Traditionally, black tea accounts for about 94% of Russia’s imports, with aromatic tea and green tea having shares of 4% and 2%, respectively. In the past, it has been a major buyer of Indian orthodox grades. However, more recently there has been a significant increase in purchase of CTC varieties, with price as one of the major selling factors.

According to a study prepared by Sergy Kasyanenko, chairman of Orimi Trade Ltd - Russia’s largest tea trading agency, established in 1994 in St Petersburg - the new millennium will see branded teas establishing a stronger presence in the market, with national producers gaining market share. However, on a more pessimistic view, he has envisaged the market being filled with cheap tea that has counterfeited established brands.

Sri Lanka is the second largest exporter of tea to Russia, supplying around 35,000 tons a year. The pioneer in the market was Merrill J. Fernando of Dilmah, who shipped the first ever direct consignment of Sri Lankan tea to the USSR in December 1958, followed by large quantities in subsequent years.

Since the early 1990s, Dilmah Tea has been distributed through private sector wholesalers. In 1996, Dilmah introduced the now famous Ceylon large leaf tea (OPA grade) and still offers the original, finest Ceylon OPA. Merrill Fernando is dedicated to bringing the finest single origin teas to Russia and her neighboring Republics.

As basically a tea-drinking country, the Russia of Soviet days suffered from a gruesome reputation for its coffee. However, since the opening of the market ten years ago, major multinational brands are now available.

But a spokesman for Paulig said, “Although the Russian market is showing some signs of settling down, no broad-based increase in consumption is in the offing. The rise in inward investment will help to improve the distribution of products and to cut back on street market sales, which is naturally a source of pleasure for those of us who market premium products.” A subsidiary company in St. Petersburg was established in 1992 for marketing Paulig’s products in Russia, with another office operating in Moscow, and in Kiev for the Ukraine.

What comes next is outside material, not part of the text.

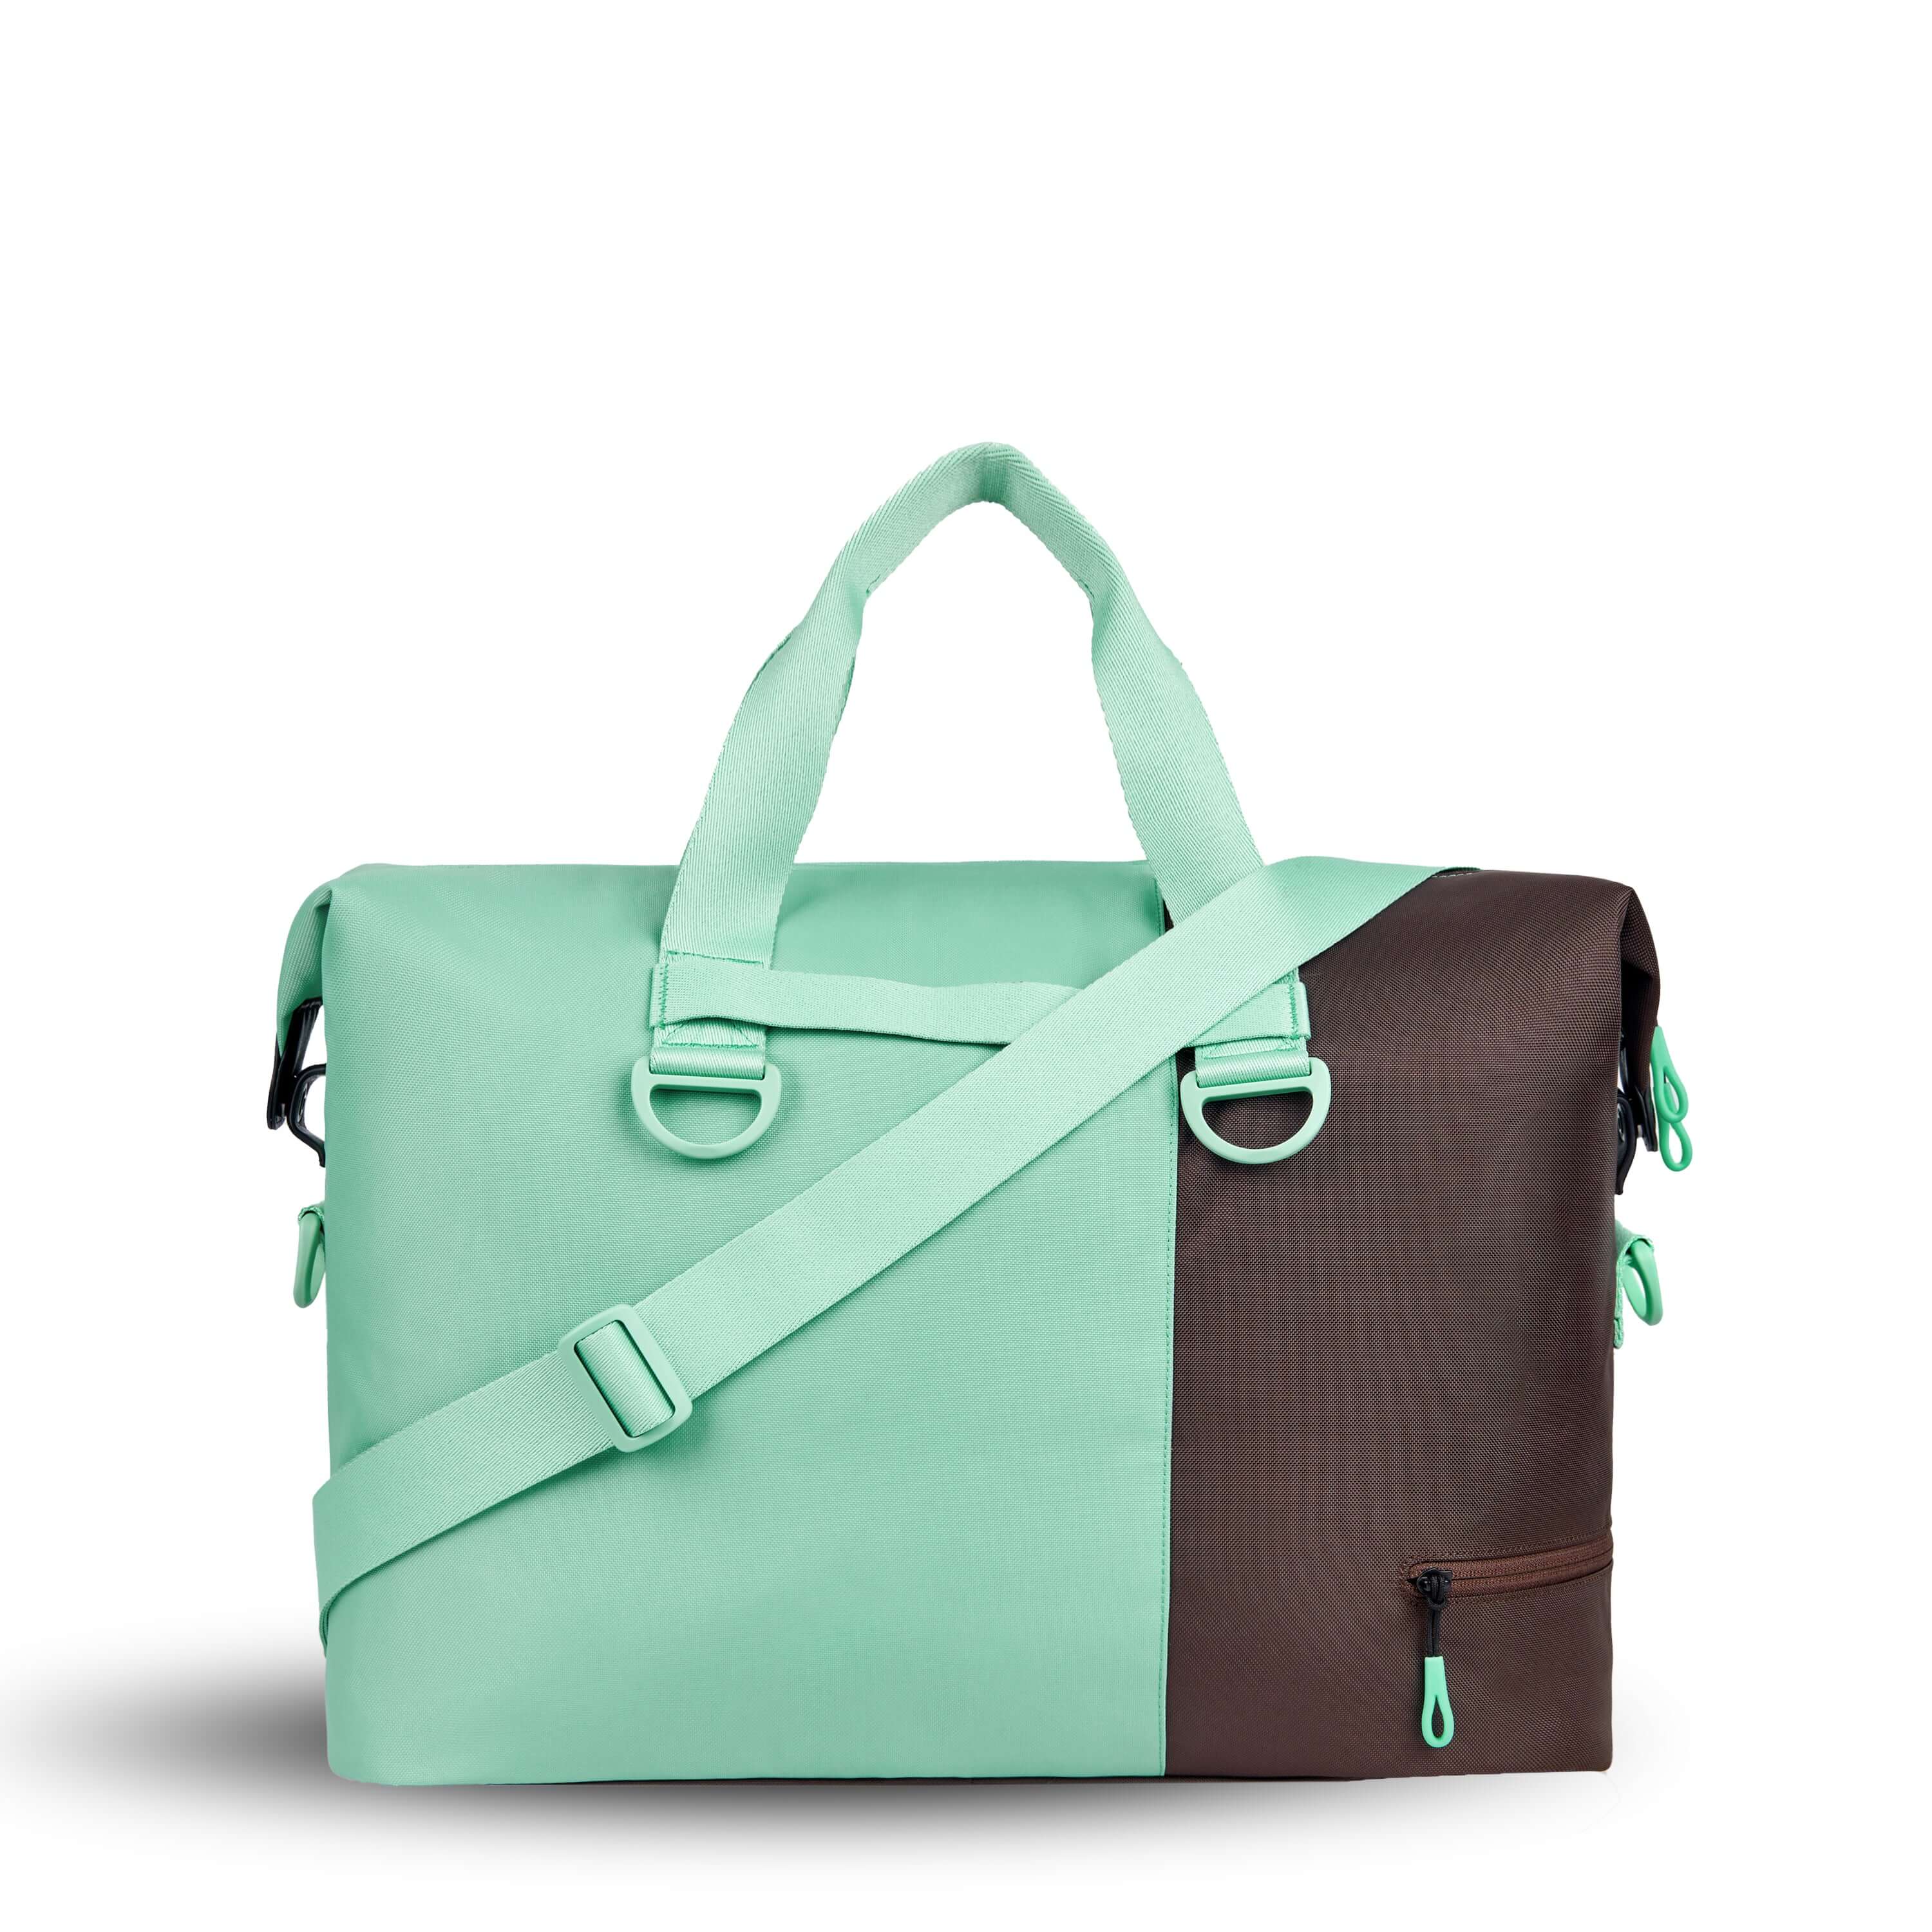 Back view of Sherpani bag, the Sola in Seagreen. The bag is two-toned in light green and brown. Easy-pull zippers are accented in light green. The bag has tote handles and an adjustable/detachable crossbody strap.

Joachim Klaen of Tchibo comments, “Russia is a typical market for instant coffee, and our company succeeded last year in overtaking Nescafé Gold in the premium soluble sector. Early this year we launched a whole-bean product to open up a new market segment while building upon Tchibo’s image for quality coffee. In Moscow, Tchibo has been awarded the ‘Brand of the Year’ honor in the roast-coffee category.” The overall Russian market totals around 50,000 tons for instant, compared with only 5,000 tons for R&G.